### Exercise
Please output exactly the part of the records below that opens with the line containing "Le soleil se" and closes with the line containing "2013年河北省公务员考试职位表", both lines included, and nothing else.

### Provided records
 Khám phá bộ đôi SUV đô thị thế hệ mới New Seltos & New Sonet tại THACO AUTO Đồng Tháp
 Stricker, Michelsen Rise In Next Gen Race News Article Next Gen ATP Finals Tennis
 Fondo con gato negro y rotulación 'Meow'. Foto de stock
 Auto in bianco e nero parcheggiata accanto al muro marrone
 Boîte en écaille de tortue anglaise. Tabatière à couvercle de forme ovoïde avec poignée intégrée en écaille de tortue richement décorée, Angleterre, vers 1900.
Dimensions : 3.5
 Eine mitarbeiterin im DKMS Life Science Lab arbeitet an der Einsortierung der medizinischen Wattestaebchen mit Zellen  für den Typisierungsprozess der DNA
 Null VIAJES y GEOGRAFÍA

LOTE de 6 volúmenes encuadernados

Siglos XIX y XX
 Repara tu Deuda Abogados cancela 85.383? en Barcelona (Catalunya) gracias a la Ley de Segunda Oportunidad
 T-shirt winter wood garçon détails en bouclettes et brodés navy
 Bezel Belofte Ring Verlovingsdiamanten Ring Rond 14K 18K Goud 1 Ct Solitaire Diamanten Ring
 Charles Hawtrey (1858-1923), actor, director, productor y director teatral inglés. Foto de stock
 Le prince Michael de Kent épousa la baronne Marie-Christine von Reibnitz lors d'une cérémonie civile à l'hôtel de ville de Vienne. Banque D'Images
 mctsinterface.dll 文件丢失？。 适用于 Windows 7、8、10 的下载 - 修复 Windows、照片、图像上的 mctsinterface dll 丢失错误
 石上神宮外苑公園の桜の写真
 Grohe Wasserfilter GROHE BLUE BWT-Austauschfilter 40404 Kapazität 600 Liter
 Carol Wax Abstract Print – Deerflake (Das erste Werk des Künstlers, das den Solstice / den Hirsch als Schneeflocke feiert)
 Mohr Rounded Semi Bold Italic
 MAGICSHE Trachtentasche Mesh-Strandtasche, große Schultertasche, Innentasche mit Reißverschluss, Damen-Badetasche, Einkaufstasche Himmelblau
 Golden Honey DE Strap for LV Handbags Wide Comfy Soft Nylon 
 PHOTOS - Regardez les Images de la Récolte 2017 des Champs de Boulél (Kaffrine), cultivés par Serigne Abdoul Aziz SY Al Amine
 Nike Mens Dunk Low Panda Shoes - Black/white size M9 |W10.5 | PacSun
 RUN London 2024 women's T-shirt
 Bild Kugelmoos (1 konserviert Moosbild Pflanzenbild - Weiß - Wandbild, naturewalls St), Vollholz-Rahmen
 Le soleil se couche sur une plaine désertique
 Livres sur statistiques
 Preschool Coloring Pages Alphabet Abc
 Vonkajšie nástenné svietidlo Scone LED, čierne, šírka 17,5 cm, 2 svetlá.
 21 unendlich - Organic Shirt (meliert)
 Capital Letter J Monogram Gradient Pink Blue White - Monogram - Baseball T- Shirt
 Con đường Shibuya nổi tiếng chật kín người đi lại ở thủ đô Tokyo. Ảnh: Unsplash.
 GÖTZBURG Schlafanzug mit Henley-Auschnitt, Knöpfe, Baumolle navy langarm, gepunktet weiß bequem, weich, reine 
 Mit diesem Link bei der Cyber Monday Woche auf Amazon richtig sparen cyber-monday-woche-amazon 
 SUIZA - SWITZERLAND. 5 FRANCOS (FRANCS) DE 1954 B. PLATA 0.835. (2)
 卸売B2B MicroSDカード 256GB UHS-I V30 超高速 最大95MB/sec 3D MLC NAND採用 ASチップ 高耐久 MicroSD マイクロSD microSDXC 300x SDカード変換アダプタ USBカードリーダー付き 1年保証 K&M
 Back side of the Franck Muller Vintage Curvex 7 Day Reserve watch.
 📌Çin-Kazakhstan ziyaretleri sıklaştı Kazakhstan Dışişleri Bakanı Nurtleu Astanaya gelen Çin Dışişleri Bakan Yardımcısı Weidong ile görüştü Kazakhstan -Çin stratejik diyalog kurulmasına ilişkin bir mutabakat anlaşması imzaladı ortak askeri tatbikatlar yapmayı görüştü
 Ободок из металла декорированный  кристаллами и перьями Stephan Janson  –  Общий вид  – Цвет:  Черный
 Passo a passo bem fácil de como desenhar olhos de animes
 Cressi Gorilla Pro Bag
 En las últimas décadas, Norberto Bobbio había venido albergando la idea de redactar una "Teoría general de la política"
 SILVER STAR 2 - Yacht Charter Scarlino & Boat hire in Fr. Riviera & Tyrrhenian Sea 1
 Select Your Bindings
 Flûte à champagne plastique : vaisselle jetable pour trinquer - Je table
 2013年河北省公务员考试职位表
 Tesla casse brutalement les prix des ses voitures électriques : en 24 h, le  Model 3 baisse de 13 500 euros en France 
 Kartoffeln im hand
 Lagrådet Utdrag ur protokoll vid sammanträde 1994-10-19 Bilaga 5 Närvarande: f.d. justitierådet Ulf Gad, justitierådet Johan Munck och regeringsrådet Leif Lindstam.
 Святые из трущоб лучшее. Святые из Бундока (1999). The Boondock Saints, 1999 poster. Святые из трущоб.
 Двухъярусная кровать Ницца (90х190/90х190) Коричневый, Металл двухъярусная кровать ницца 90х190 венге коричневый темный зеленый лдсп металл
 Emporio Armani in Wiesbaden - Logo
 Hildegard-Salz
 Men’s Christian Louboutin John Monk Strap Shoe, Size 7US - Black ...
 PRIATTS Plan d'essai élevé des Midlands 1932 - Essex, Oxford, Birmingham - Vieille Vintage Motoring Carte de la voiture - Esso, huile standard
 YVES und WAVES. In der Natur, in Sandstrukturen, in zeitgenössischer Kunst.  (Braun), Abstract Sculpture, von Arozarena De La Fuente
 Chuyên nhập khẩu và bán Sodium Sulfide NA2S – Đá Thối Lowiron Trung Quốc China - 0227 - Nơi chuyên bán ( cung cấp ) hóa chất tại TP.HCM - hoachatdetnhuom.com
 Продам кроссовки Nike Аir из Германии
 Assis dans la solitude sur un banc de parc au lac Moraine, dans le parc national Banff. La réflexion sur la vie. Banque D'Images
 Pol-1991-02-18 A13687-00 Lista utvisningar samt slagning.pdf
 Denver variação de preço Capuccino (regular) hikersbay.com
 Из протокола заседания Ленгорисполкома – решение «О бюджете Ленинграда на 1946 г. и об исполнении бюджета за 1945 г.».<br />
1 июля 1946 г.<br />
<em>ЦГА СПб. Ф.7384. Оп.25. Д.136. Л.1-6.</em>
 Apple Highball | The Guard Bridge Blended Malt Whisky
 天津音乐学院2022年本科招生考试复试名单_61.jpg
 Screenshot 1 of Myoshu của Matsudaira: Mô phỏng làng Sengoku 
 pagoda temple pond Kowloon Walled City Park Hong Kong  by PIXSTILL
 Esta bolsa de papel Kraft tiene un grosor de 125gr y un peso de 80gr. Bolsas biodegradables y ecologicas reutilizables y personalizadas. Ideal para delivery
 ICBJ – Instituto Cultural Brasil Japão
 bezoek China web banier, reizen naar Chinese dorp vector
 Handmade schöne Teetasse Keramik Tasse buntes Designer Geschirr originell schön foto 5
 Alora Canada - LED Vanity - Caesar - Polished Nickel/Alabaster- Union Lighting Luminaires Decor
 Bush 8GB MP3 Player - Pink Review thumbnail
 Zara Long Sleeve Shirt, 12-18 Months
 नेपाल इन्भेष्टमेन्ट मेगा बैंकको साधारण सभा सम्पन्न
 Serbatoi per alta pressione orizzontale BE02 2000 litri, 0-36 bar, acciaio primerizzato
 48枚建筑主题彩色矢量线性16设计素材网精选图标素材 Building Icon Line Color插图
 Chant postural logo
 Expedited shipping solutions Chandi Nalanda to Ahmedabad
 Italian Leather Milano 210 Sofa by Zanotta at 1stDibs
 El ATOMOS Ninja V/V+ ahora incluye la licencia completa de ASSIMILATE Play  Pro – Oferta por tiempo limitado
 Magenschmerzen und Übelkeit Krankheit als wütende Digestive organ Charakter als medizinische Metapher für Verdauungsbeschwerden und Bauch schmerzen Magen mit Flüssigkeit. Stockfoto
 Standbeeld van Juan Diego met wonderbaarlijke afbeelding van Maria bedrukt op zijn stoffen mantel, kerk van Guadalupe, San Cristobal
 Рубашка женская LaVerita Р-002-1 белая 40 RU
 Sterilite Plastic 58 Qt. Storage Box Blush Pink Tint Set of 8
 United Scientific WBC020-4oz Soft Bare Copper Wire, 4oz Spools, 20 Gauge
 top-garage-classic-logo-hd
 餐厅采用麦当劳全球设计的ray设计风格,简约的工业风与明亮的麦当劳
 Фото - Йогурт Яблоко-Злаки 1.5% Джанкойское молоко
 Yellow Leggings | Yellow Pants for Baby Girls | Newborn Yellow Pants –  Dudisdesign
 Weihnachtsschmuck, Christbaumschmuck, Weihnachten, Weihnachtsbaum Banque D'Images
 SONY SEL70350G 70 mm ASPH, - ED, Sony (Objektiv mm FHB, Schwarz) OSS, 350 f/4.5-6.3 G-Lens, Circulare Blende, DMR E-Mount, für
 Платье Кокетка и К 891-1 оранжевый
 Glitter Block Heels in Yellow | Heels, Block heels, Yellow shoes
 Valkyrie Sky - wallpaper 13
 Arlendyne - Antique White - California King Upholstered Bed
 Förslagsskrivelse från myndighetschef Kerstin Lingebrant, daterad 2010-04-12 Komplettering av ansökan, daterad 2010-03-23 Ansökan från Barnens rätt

### Result for this exercise
 Le soleil se couche sur une plaine désertique
 Livres sur statistiques
 Preschool Coloring Pages Alphabet Abc
 Vonkajšie nástenné svietidlo Scone LED, čierne, šírka 17,5 cm, 2 svetlá.
 21 unendlich - Organic Shirt (meliert)
 Capital Letter J Monogram Gradient Pink Blue White - Monogram - Baseball T- Shirt
 Con đường Shibuya nổi tiếng chật kín người đi lại ở thủ đô Tokyo. Ảnh: Unsplash.
 GÖTZBURG Schlafanzug mit Henley-Auschnitt, Knöpfe, Baumolle navy langarm, gepunktet weiß bequem, weich, reine 
 Mit diesem Link bei der Cyber Monday Woche auf Amazon richtig sparen cyber-monday-woche-amazon 
 SUIZA - SWITZERLAND. 5 FRANCOS (FRANCS) DE 1954 B. PLATA 0.835. (2)
 卸売B2B MicroSDカード 256GB UHS-I V30 超高速 最大95MB/sec 3D MLC NAND採用 ASチップ 高耐久 MicroSD マイクロSD microSDXC 300x SDカード変換アダプタ USBカードリーダー付き 1年保証 K&M
 Back side of the Franck Muller Vintage Curvex 7 Day Reserve watch.
 📌Çin-Kazakhstan ziyaretleri sıklaştı Kazakhstan Dışişleri Bakanı Nurtleu Astanaya gelen Çin Dışişleri Bakan Yardımcısı Weidong ile görüştü Kazakhstan -Çin stratejik diyalog kurulmasına ilişkin bir mutabakat anlaşması imzaladı ortak askeri tatbikatlar yapmayı görüştü
 Ободок из металла декорированный  кристаллами и перьями Stephan Janson  –  Общий вид  – Цвет:  Черный
 Passo a passo bem fácil de como desenhar olhos de animes
 Cressi Gorilla Pro Bag
 En las últimas décadas, Norberto Bobbio había venido albergando la idea de redactar una "Teoría general de la política"
 SILVER STAR 2 - Yacht Charter Scarlino & Boat hire in Fr. Riviera & Tyrrhenian Sea 1
 Select Your Bindings
 Flûte à champagne plastique : vaisselle jetable pour trinquer - Je table
 2013年河北省公务员考试职位表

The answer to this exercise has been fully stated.